Aim of the exercise: Write out nothing but the lines from the one containing "The Man-den Mahogany" through the last line below, both included, and without the pictures.

Supplied material:
----

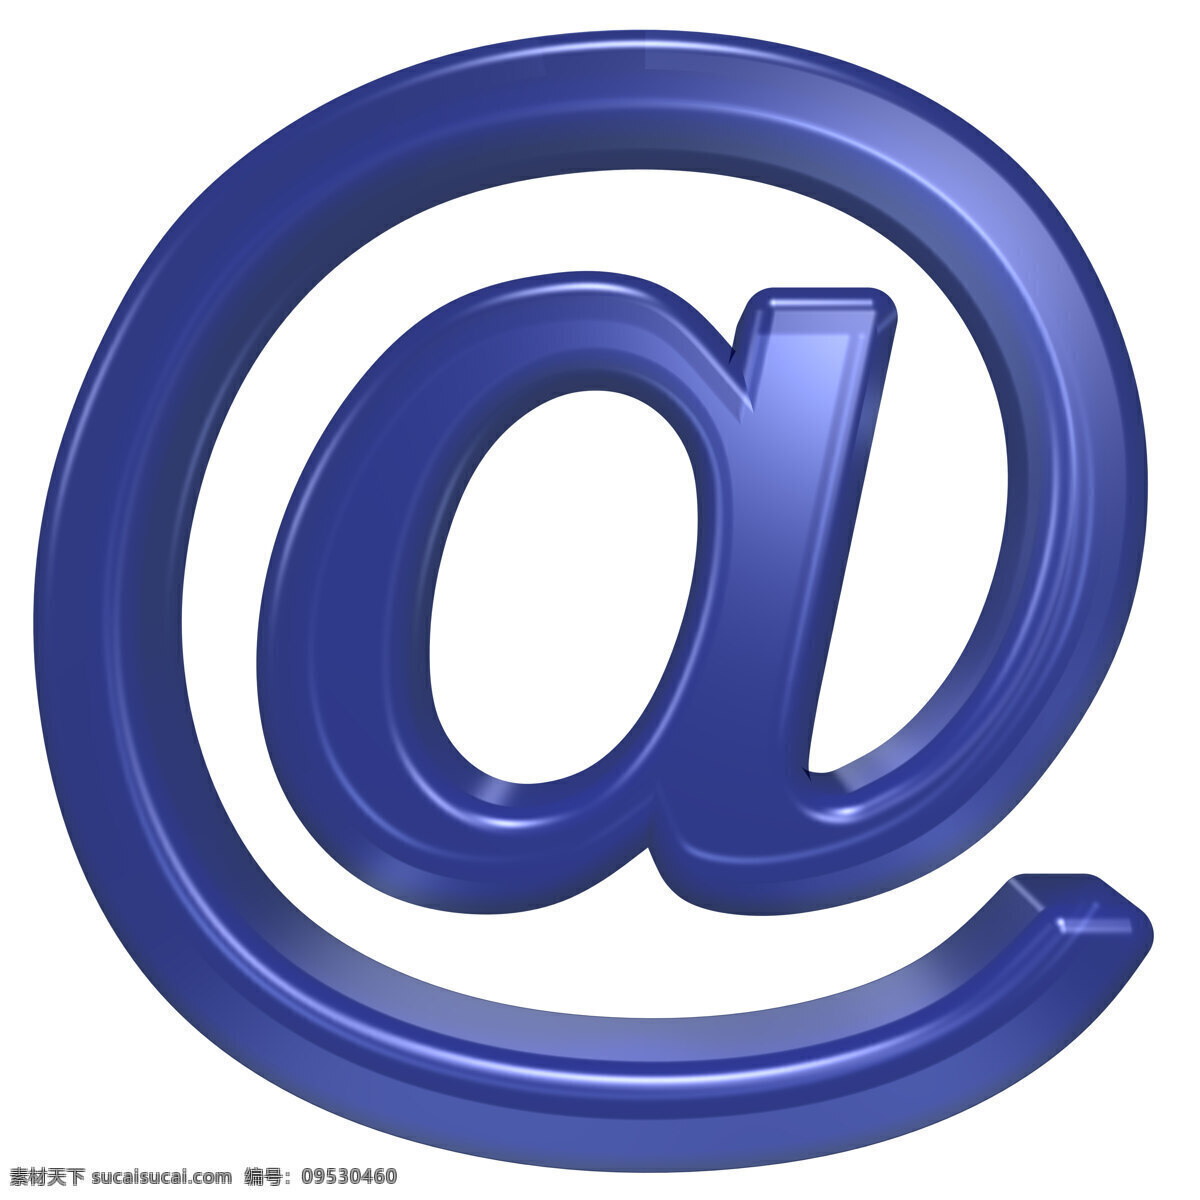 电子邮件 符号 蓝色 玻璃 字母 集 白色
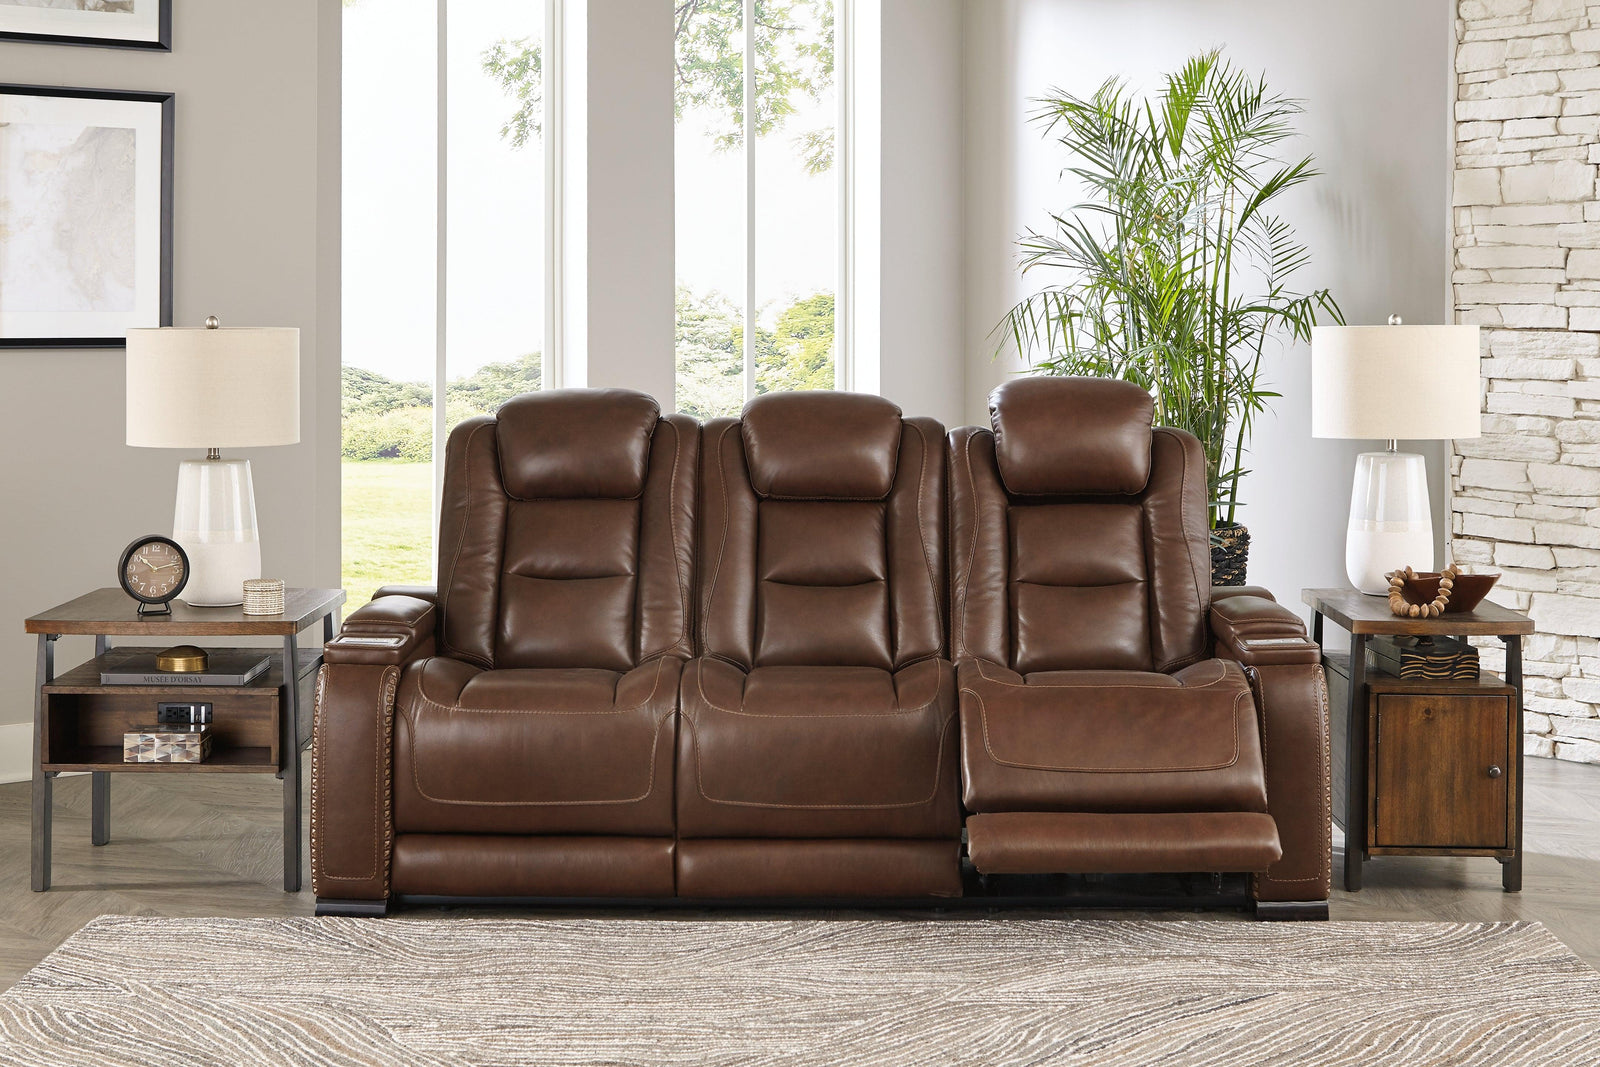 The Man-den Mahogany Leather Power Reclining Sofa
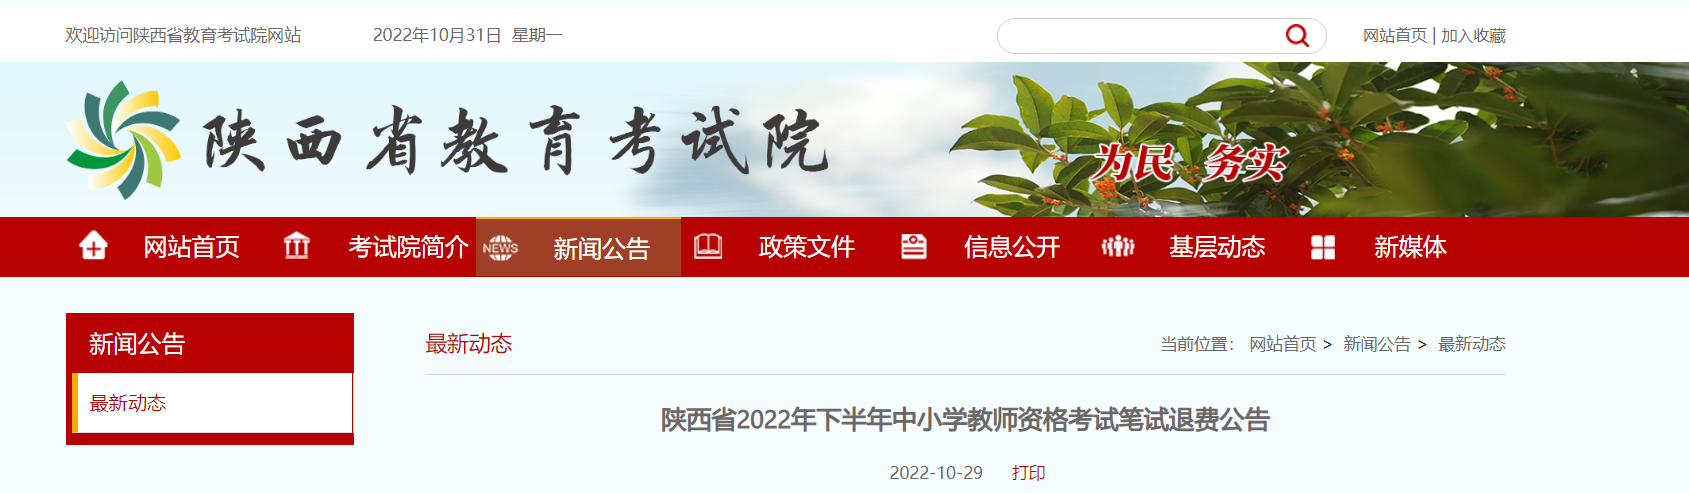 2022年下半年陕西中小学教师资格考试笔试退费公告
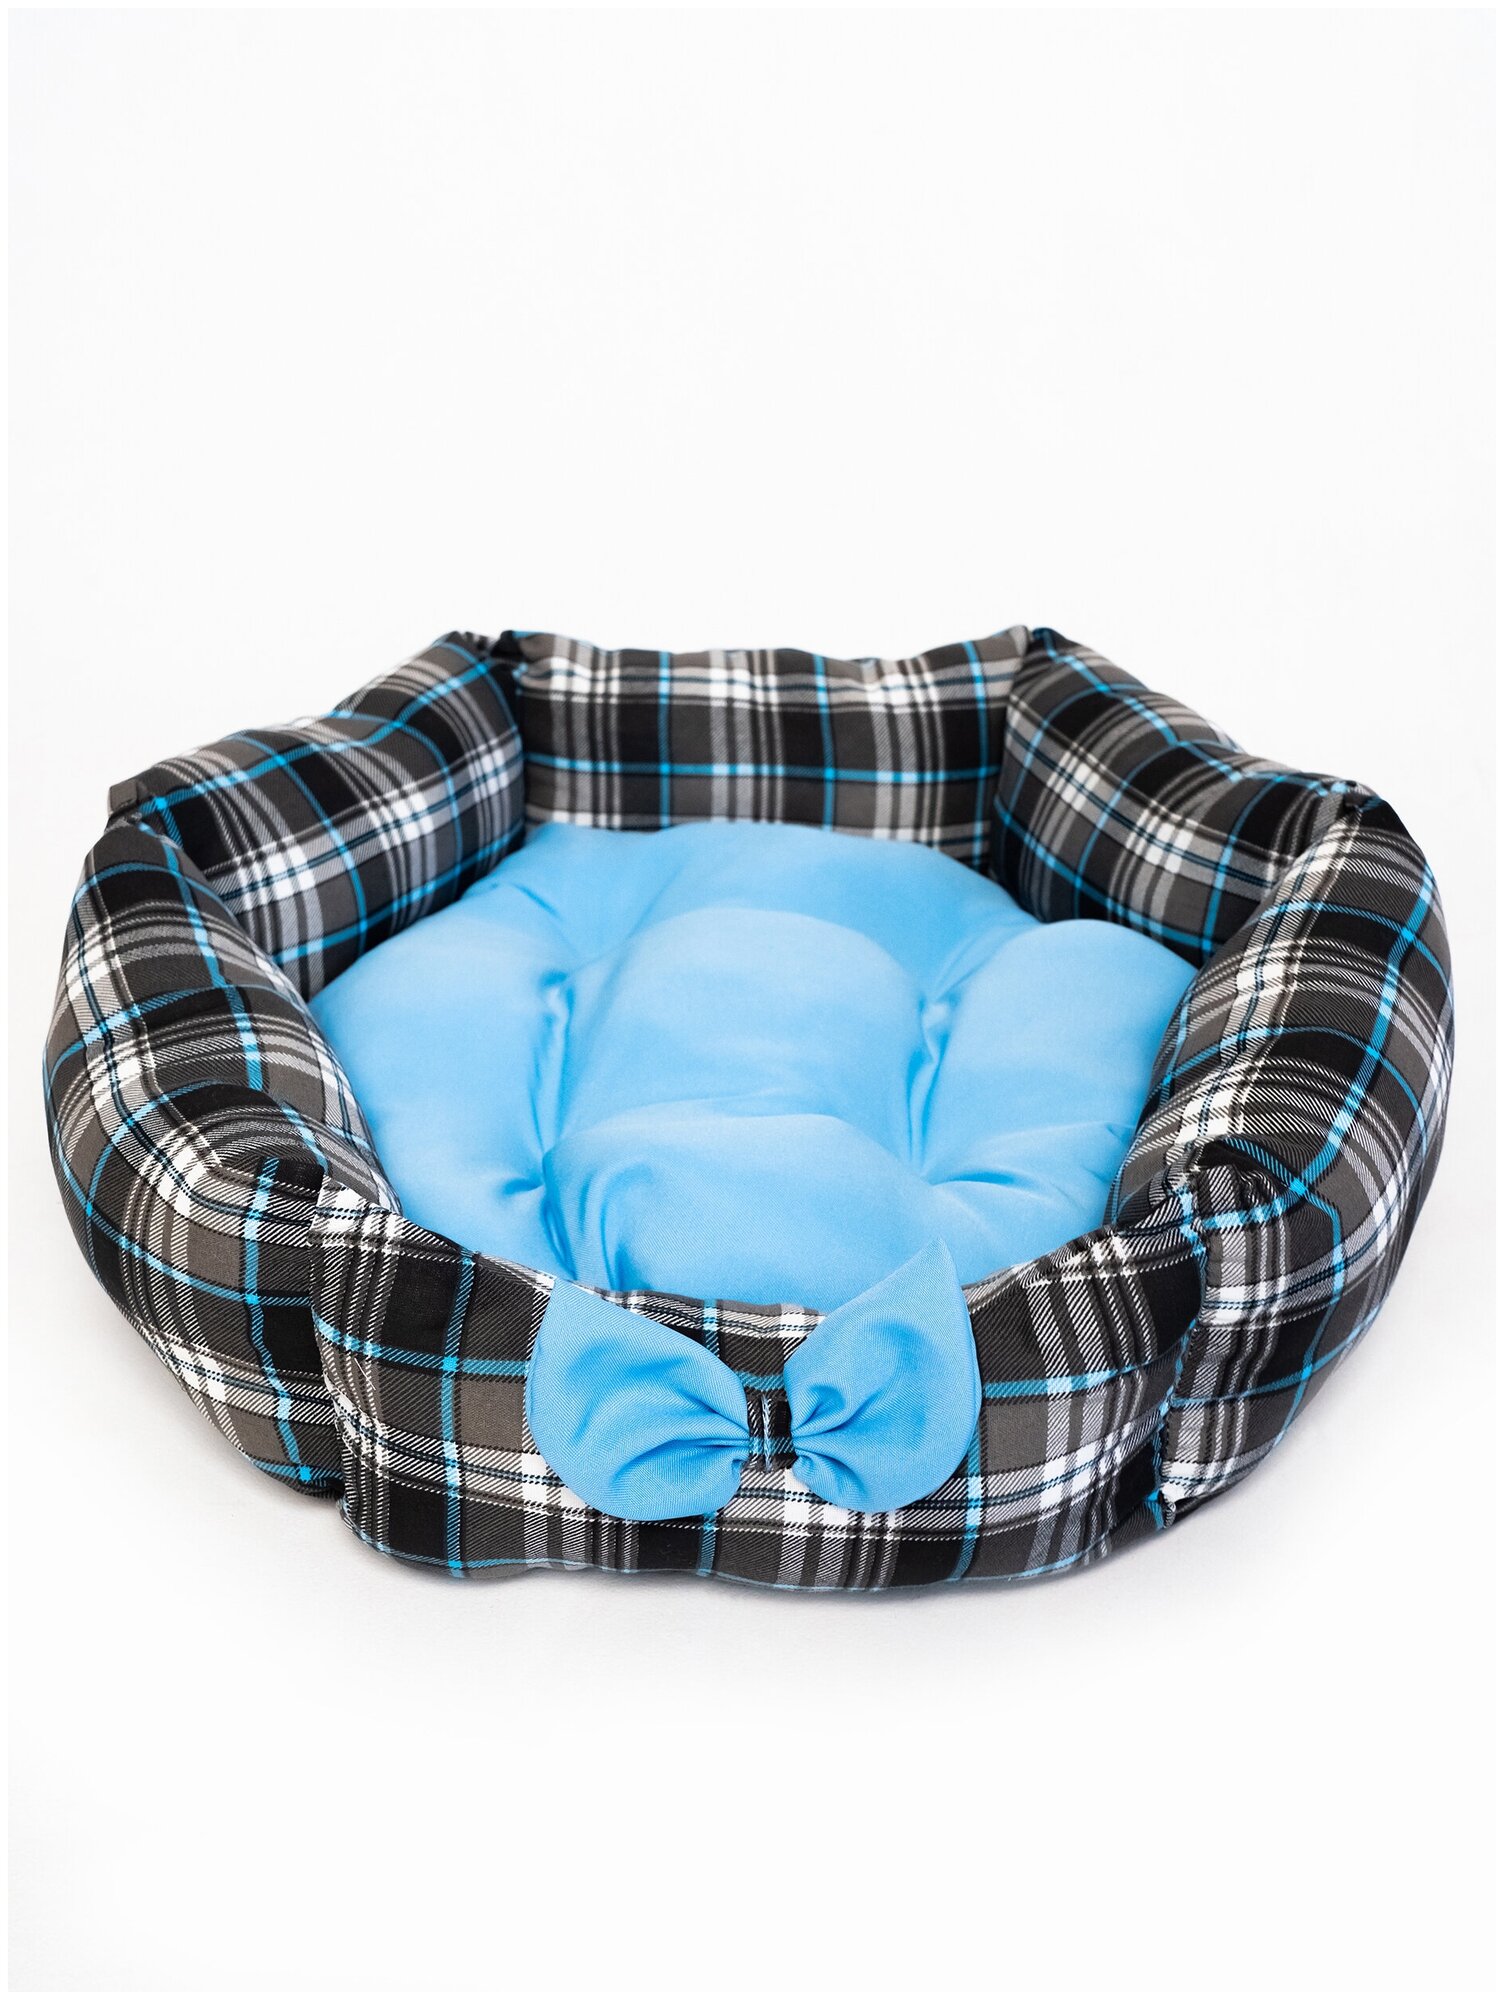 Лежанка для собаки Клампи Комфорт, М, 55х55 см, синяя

----

Completed task:
 The Man-den Mahogany Leather Power Reclining Sofa
 2022年下半年陕西中小学教师资格考试笔试退费公告
 Лежанка для собаки Клампи Комфорт, М, 55х55 см, синяя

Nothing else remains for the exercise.